The white paper reported by the DELOS Working Group on Registries [1] describes basic concepts of metadata schemas, i.e., metadata vocabulary, layers for metadata interoperability, data model, and so forth. The layered model discussed in the white paper gives a framework for metadata vocabularies.

Beginning in January 2004, the JISC IE Metadata Schema Registry (IEMSR) project started development of a metadata schema registry as a pilot, shared service within the JISC Information Environment [9]. The IEMSR will act as the primary source for authoritative information about metadata schemas recommended by the JISC IE Standards framework. Metadata within the JISC IE is based on the Dublin Core and IEEE LOM standards.

The SchemaWeb is a repository for RDF Schemas expressed in the RDF Schema, OWL and DAML+OIL schema languages [19]. It provides a simple directory of RDF Schemas for both human users and machines to search and browse metadata schemas.

Functional Requirements for a Metadata Schema Registry

A metadata schema defines a framework for representing metadata. In order to make metadata shareable and discoverable across user communities and languages, it is necessary to improve on interoperability of metadata schemas. A metadata schema registry stores metadata schemas and serves information about them (e.g., definitions of the metadata schemas, and relationships between metadata terms) to users. A metadata schema registry provides its services not only for human users but also for machines. Human users and machines may have the following requirements:

For human users
A metadata schema registry provides human users with functions to find and browse reference descriptions of metadata schemas, e.g., reference descriptions of a metadata element and an application profile. A person who is engaged in the design of a new metadata schema can use a metadata schema registry as a dictionary to find existing metadata schemas. A person who writes and/or edits metadata, e.g., a cataloger, can use a metadata schema registry as a reference source to understand metadata schema.

For machines
Software tools should be able to access metadata schemas stored in a metadata schema registry through application program interfaces over global or local networks. Software tools can use metadata registries as software components. For example, a metadata schema registry can serve as an information data source of metadata schemas, provide relationships between metadata terms to realize crosswalking, and transform metadata, etc. A metadata schema registry has the potential to provide a wider range of services over metadata schemas. A metadata schema registry should be able to return a result set encoded in a machine-understandable and application-independent format such as RDF. The authors have been working on a metadata schema registry and have been developing a framework to extend functionality of the registry, which will be discussed later.

The extended functional requirements of a metadata registry are summarized below.

(1) Searching
Human users should be able to search for information, e.g., for the name of a metadata schema, a definition of metadata terms, related terms and so forth, stored in a metadata schema registry in various ways. Search results are a set of metadata schema, metadata terms, value vocabularies, etc.

(2) Browsing
A metadata schema registry has to provide user interfaces for human users to browse information stored in the metadata schema registry via a Web browser.

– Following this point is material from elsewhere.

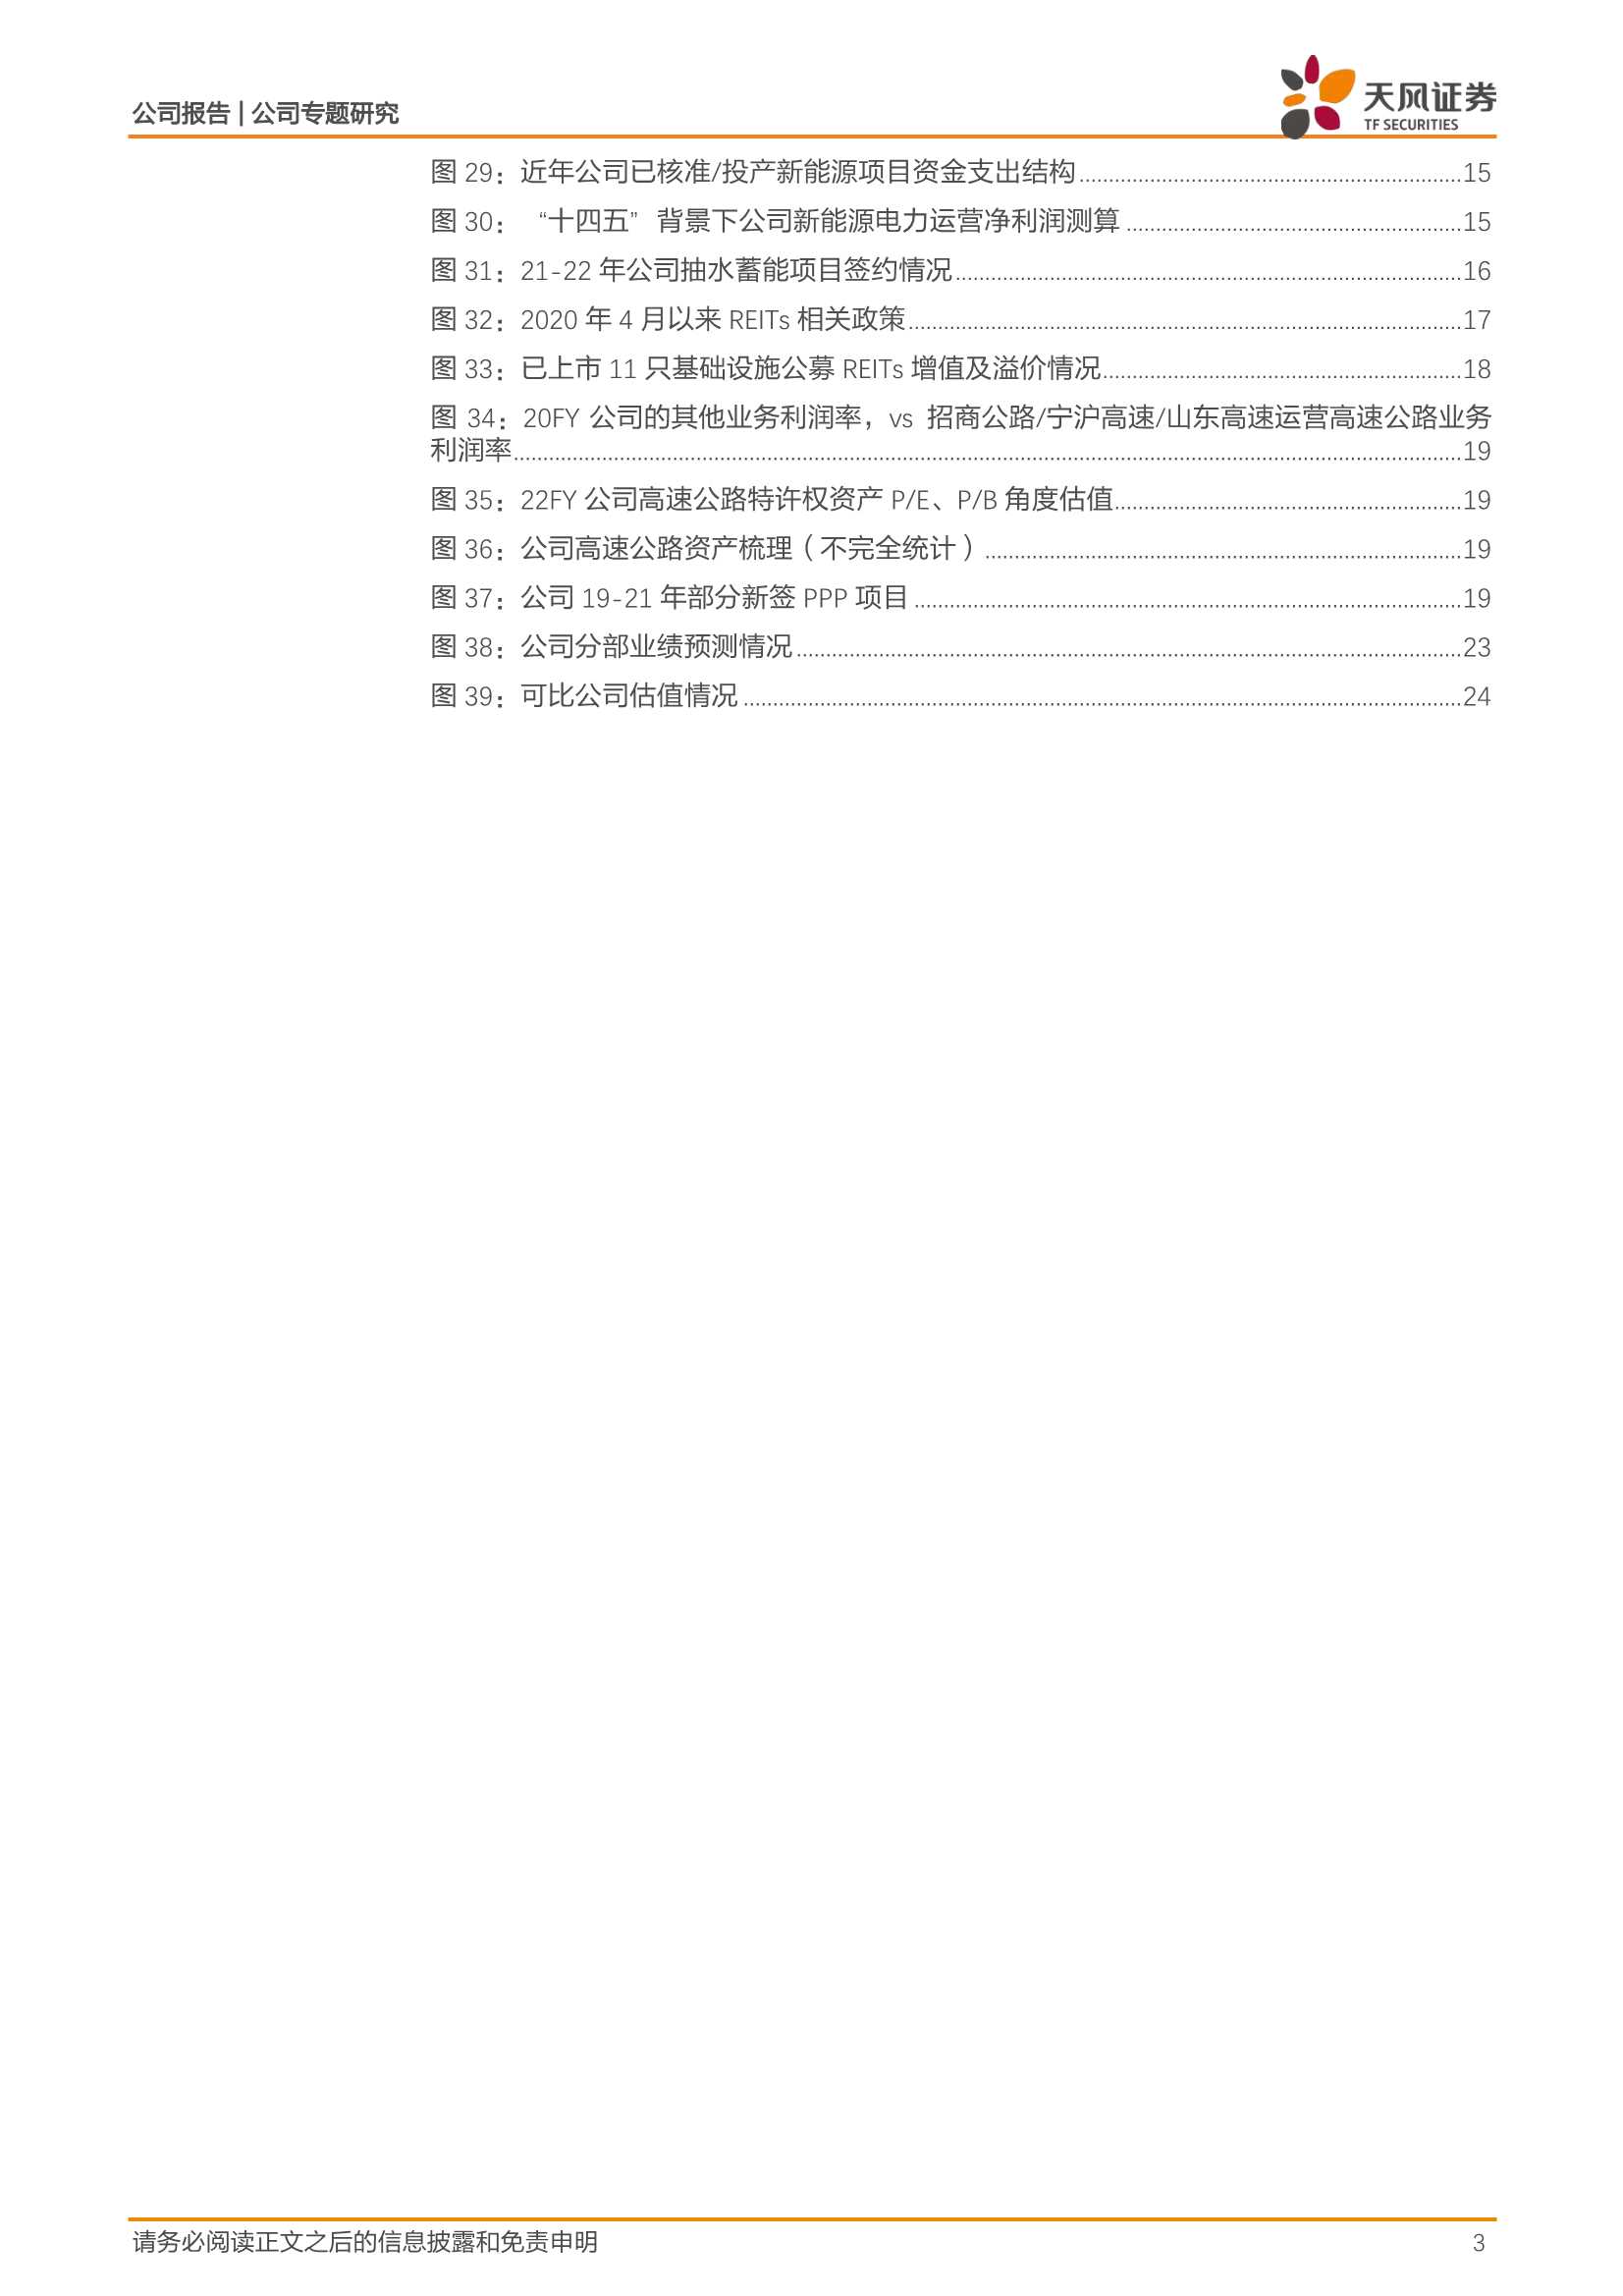 天风证券-中国电建-601669-央企系列3：电建资产特征及展望-20220305-26页

Users should be able to browse metadata schemas in different ways.

(3) Schema Mapping
A Metadata schema registry should provide information about the relationships between metadata schemas, terms, and vocabularies. This function is required for the searching and browsing function.

(4) Version Management
It is a crucial function to manage revision history of metadata schemas to enhance metadata interoperability over time. The revision history will support migration and transformation of metadata. This function enhances metadata usability over time.

(5) Multilanguage User Interfaces
A metadata schema registry stores metadata schemas in multiple languages in order to support broader usage of metadata in the global communities on the Internet. A variety of users may use a metadata schema registry across languages. Multilingual user interfaces are useful for users who speak non-English languages. This function enhances the usability of a metadata schema registry for the international community.

(6) API for software tools
Metadata schemas should be provided not only for human users but also for software tools. The application program interface should be provided based on Web Services, i.e., SOAP or REST.

Implementations

The ULIS metadata schema registry developed by the authors provides reference descriptions of metadata terms in multiple languages encoded in RDF Schema [15]. The ULIS metadata schema registry stores DCMES in 22 languages, e.g., English, Japanese, Chinese, Korean and others. We have experimentally stored metadata elements of the Internet Public Library Asia (IPL-Asia) [11] and those of the Nippon Cataloging Rules (NCR) in the ULIS metadata schema registry.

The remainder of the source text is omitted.